Posted by Why are there cars? on January 2, 2013 at 11:32 AM · Report this
Pope Peabrain 2
Speaker Boehner is petulant and obstinate and it shows in the way he leads.
Posted by Pope Peabrain on January 2, 2013 at 11:35 AM · Report this
Fnarf 3
And yet, these Republicans who can't get out of their own way just beat Obama in a poker game in which Obama was drawing to three aces.
Posted by Fnarf http://www.facebook.com/fnarf on January 2, 2013 at 11:41 AM · Report this
fixo 4
The reason Boehner canceled the vote on Sandy relief was that he wanted to show Cantor who's boss, after Cantor voted against the Fiscal Cliff bill (and against Boehner) because the bill lacked "spending reductions," even though Cantor is an ardent supporter of Sandy relief spending. It is understandable that Boehner would be furious at Cantor and McCarthy and other members of House GOP leadership, and there may be a certain logic to hoisting Cantor on the illogic of his position on spending, but Boehner's stunt managed to enrage many of the GOP members who voted with him on the fiscal cliff. It just seems very stupid and self-defeating.
Posted by fixo on January 2, 2013 at 11:44 AM · Report this
Theodore Gorath 5
Fuck Chris Christie. He was right along with Boehner the republicans railing against the ACA and federal spending until his state needed help. He is just as slimy, self-serving and hypocritical as they all are. Does no one remember the whole point of his speech at the (pre-Sandy) RNC?

Fuck Chris Christie.
Posted by Theodore Gorath on January 2, 2013 at 11:47 AM · Report this
6
I really wonder if boehner will keep his speakership, he's done an awful job in leading the house republicans.
The tea party may have helped the GOP in 2010 but these political rookies are really fucking up the brand. A disaster relief program is one of the easiest stimulus packages a government can do.
Posted by CbytheSea on January 2, 2013 at 11:50 AM · Report this
7
@6: Agreed. The problem is not only their agenda, but how terrible they are at making it work. And now that they've failed in their main goal of making Obama a 1 term President, they're floundering badly.
Posted by NateMan on January 2, 2013 at 11:56 AM · Report this
8
@5: this
To paraphrase Jon Stewart to Christie, "when you are uninsured and get cancer, that is your Sandy".
Posted by wxPDX on January 2, 2013 at 11:56 AM · Report this
dnt trust me 9
You're right!

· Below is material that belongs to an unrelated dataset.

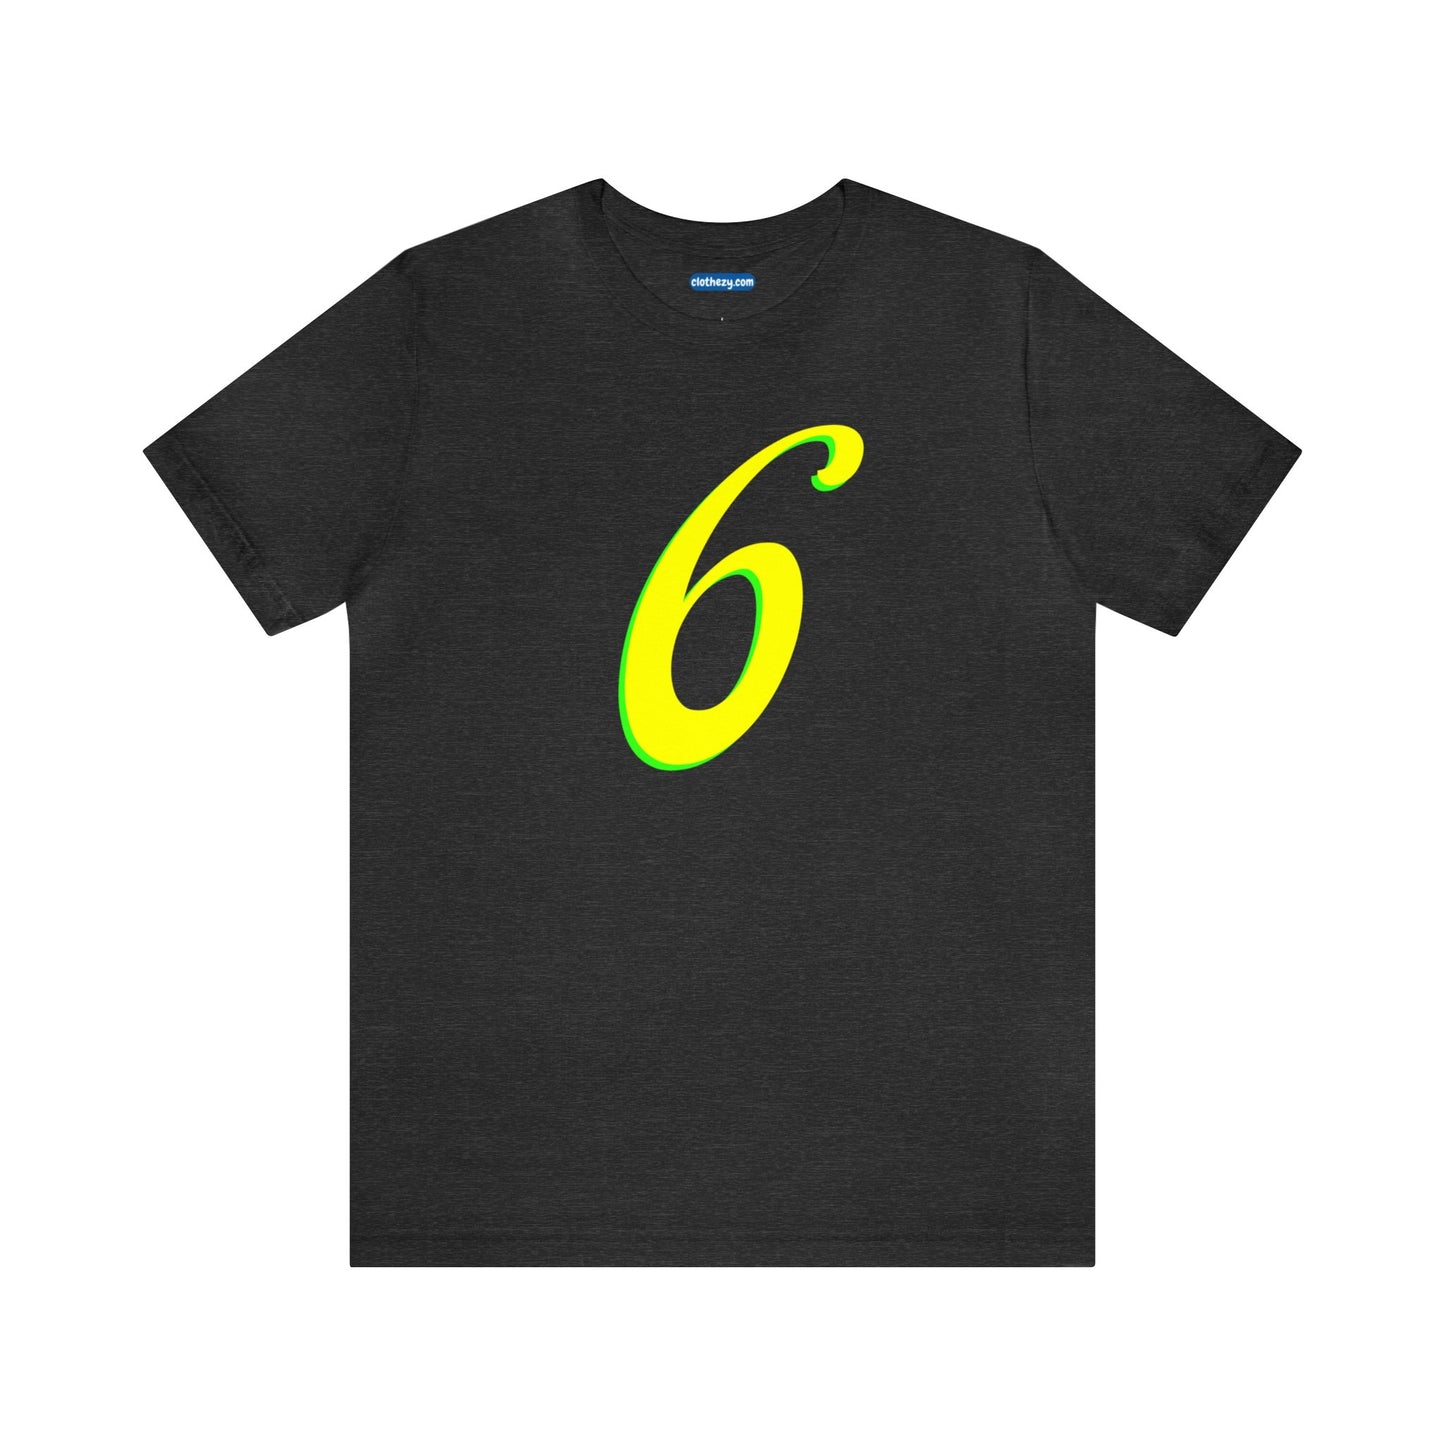 Number 6 Design - Soft Cotton Tee for birthdays and celebrations, Gift for friends and family, Multiple Options by clothezy.com in Gold Size Small - Buy Now

On Yahoo's homepage it says something like - BREAKING NEWS: CHRIS CHRISTIE SPEAKS...blah blah blah. Important stuff! Materializing video please!
Posted by dnt trust me on January 2, 2013 at 11:57 AM · Report this
10
Holy fucking shit...

Okay, I have a long-standing dislike of Peter King, like seriously. I laughed when one of the Slog contributors referenced him as Peter king (R-IRA). Other than his support of Northern Irish insurrectionists, his usual claim to fame is being a knee-jerk, pit-bull of an attack dog against anything Democratic or progressive. He's a foul, slobbering demagogue who reliably parrots Rove's and Ailes' talking points of the day, a fully-owned tool of the usual billionaire supporters of the Republican Party.

Usually.

I am shocked and stunned. I didn't realize he had two ounces of constituent-support blood in his veins. For him to go off the reservation like this, to not only denounce his own party, but to essentially renounce it ("As far as I'm concerned, I'm on my own. They're going to have to go a long way to get my vote on anything."), is truly amazing.

Wow.
Posted by Brooklyn Reader on January 2, 2013 at 12:07 PM · Report this
11
@7 sadly, the GOP will control the House for the next decade. But if there's a moderate movement within the GOP that can point to the incompetence of the tea party freshman than maybe things can change for them. But the last couple years, I've started to feel some real pity for my GOP friends and family who are fiscally conservative and hate how nutty the GOP is becoming.
Posted by CbytheSea on January 2, 2013 at 12:11 PM · Report this
12
The last time they tried this brinksmanship shit, Obama won - and Planned Parenthood was on the table. There was no way they were going to win this time, now without a divisive wedge issue.
Posted by sahara29 on January 2, 2013 at 12:15 PM · Report this
13
@1 Sorry you found her syntax so indecipherable. I interpreted it to mean that between her various relatives, 10 of their family homes were lost to Katrina.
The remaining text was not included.